Direct brain-to-brain communication is just as ethically fraught. It’s a beautiful, utopian impulse—the sense that if only we could fully see what’s inside one another contentions would cease. Should it prove technically possible, however, the question of privacy becomes all the more salient. In the same way that social media companies must grapple with content moderation, brain devices would need to filter inter-brain communication for harmful, hateful, or violent thoughts. There might even be patterns of problematic neural activity that can be passed between people like computer viruses. Epileptic seizures, for example, can be learned by the brain in a process known as “kindling.” Like arsonists setting fire to a city, malicious actors might seek to inject such maladaptive brain activity in a bid to harm other users.

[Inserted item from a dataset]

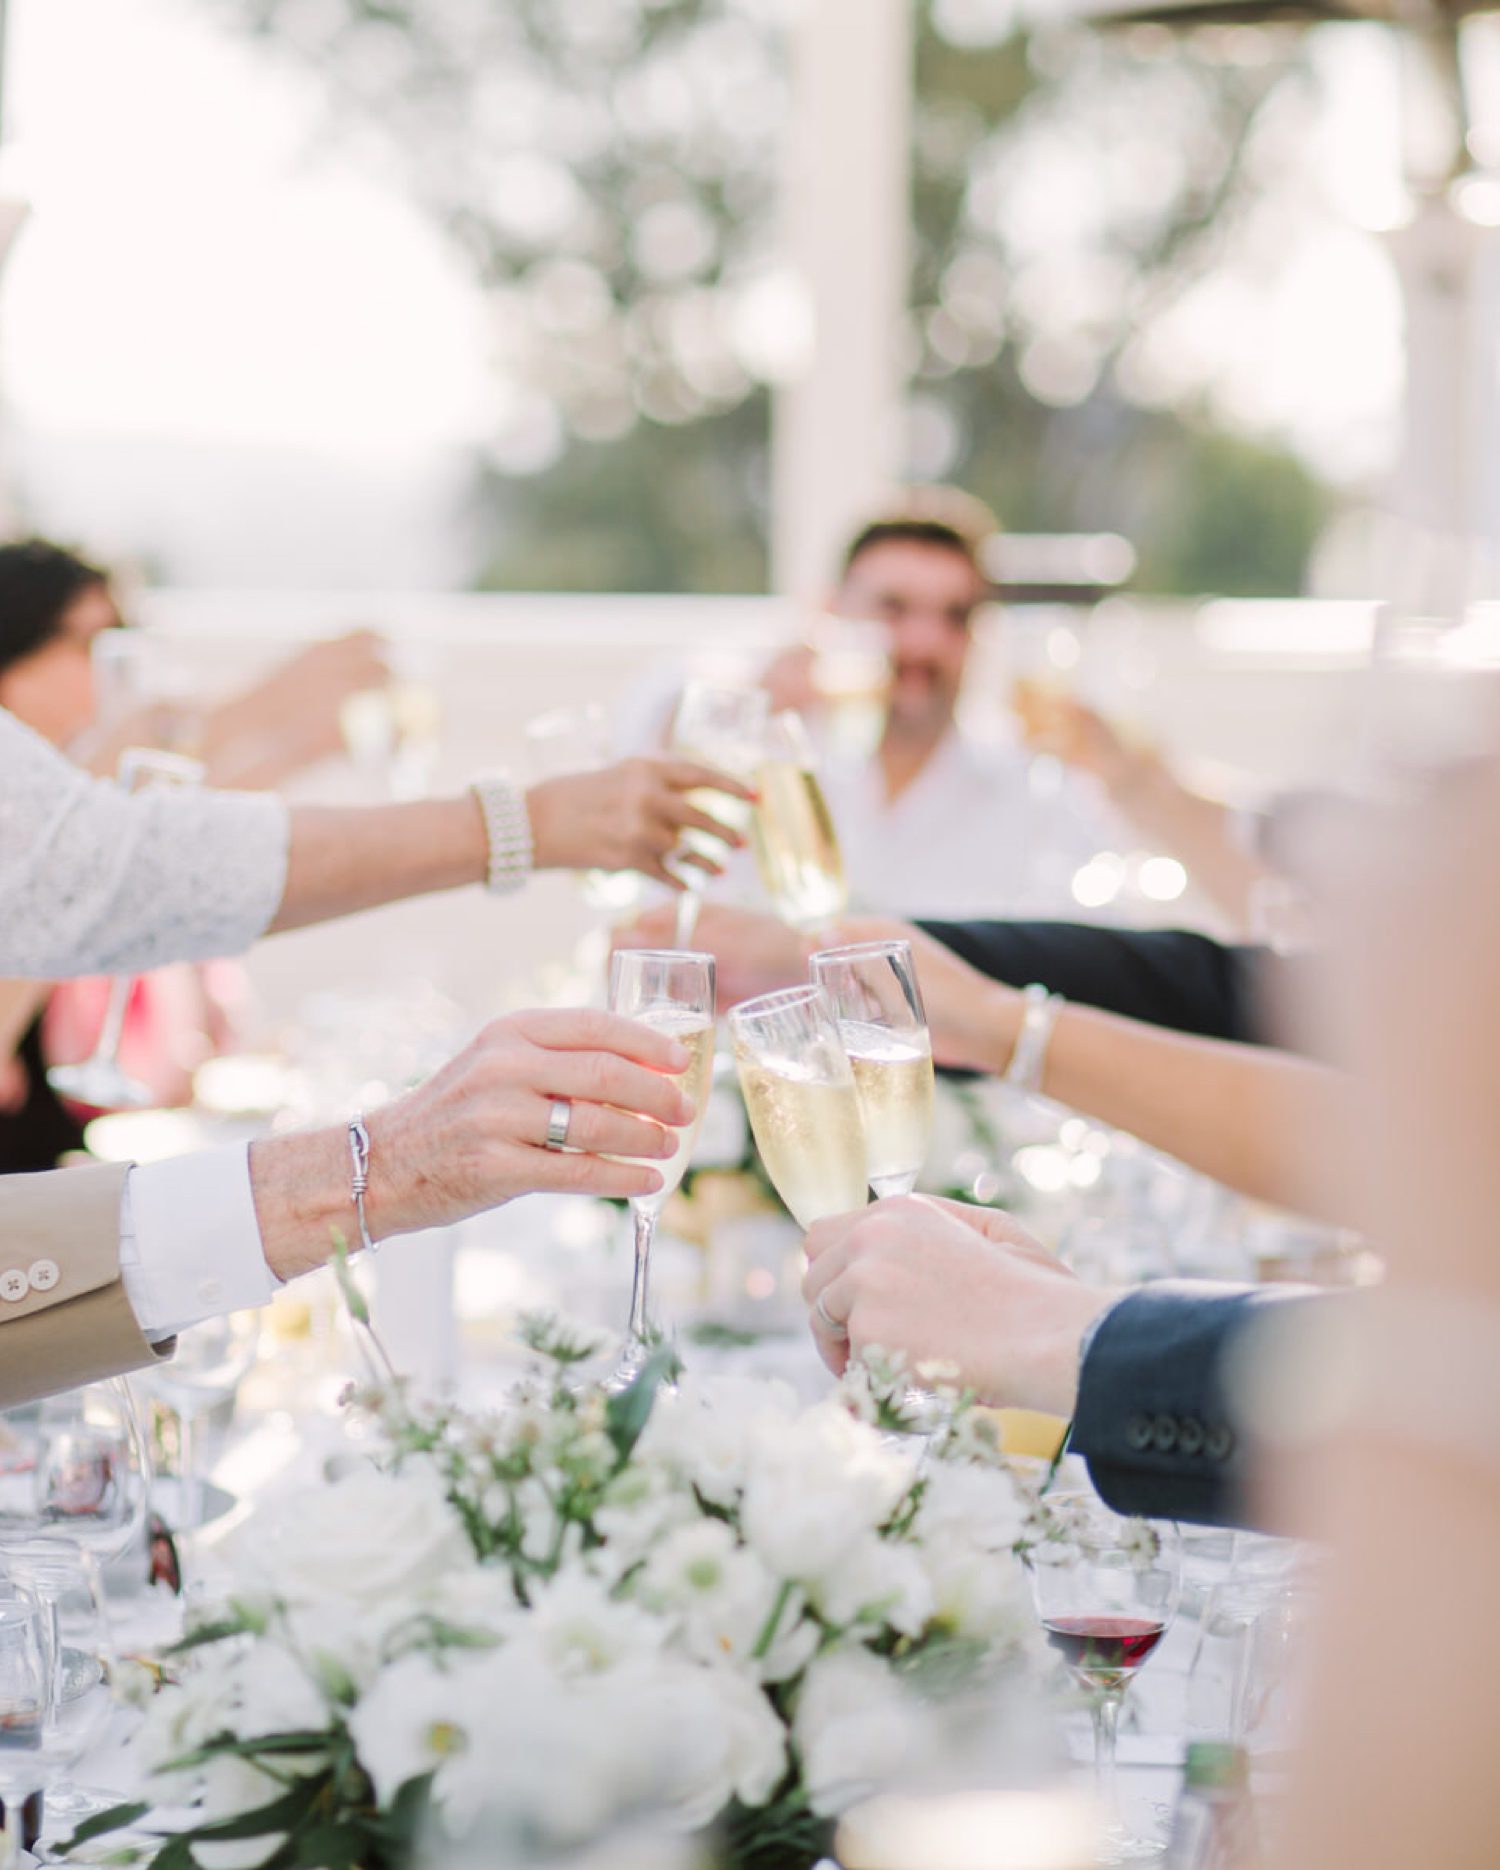 Toasting Champagne at wedding dinner party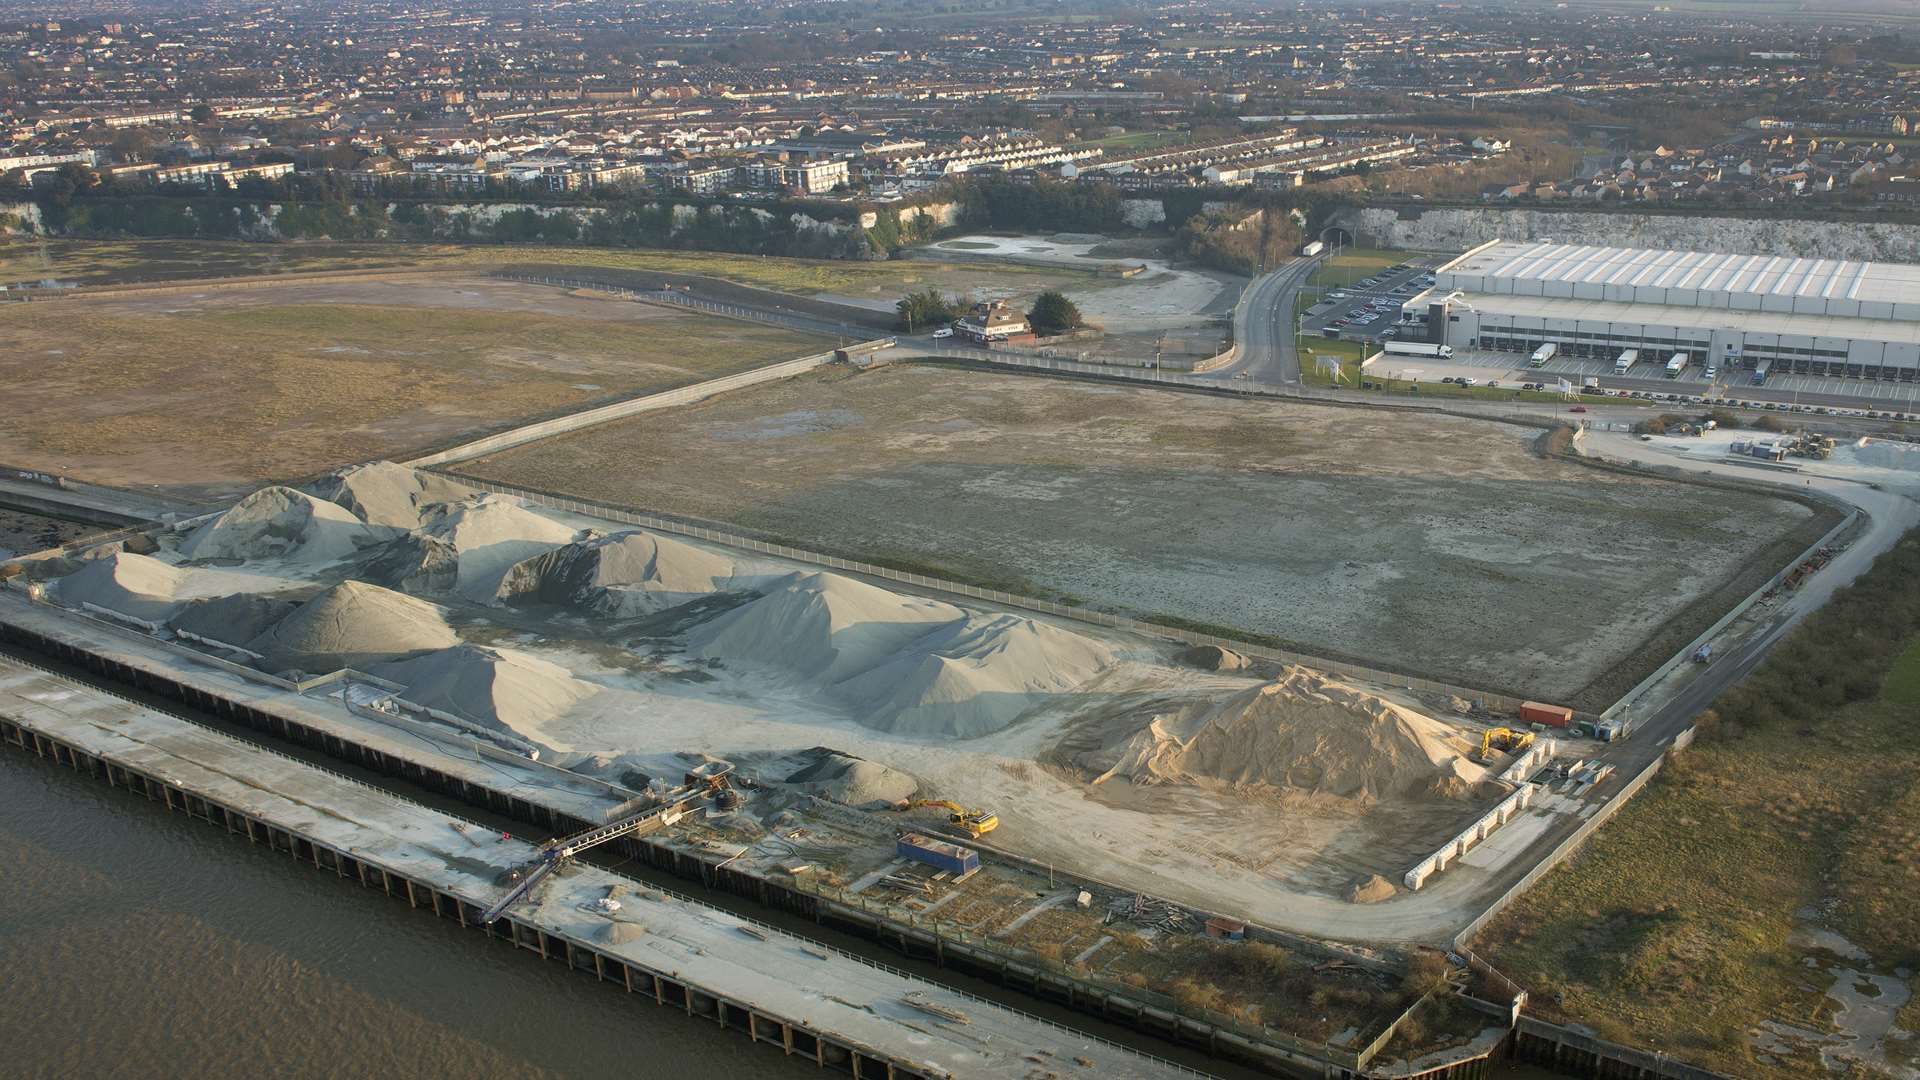 Ebbsfleet Development Corporation has approved plans to build commercial space at Northfleet Embankment East on the banks of the River Thames

The history of technology, the history of humankind, is one of relentlessly extended agency—exerting control over materials, plants, animals, and perhaps, one day, minds. The invention of computers has transmuted that agency to a programmable realm, wherein a hand can control a mouse that is by turns a digital paintbrush, a text cursor, or a drone’s gun sight. While I’m still hopeful about what brain-machine interfaces will be able to do for people with impaired motor function, we should acknowledge where good intentions might be obfuscating a potential ethical catastrophe. We’ve got to reckon with the implications of agency and privacy as they pertain to AI today, before they’re interfaced with our bodies and minds. We’re being promised new avenues of human control, when it is precisely control we’d be ceding in what could be the largest deprivatization of thought since the invention of language.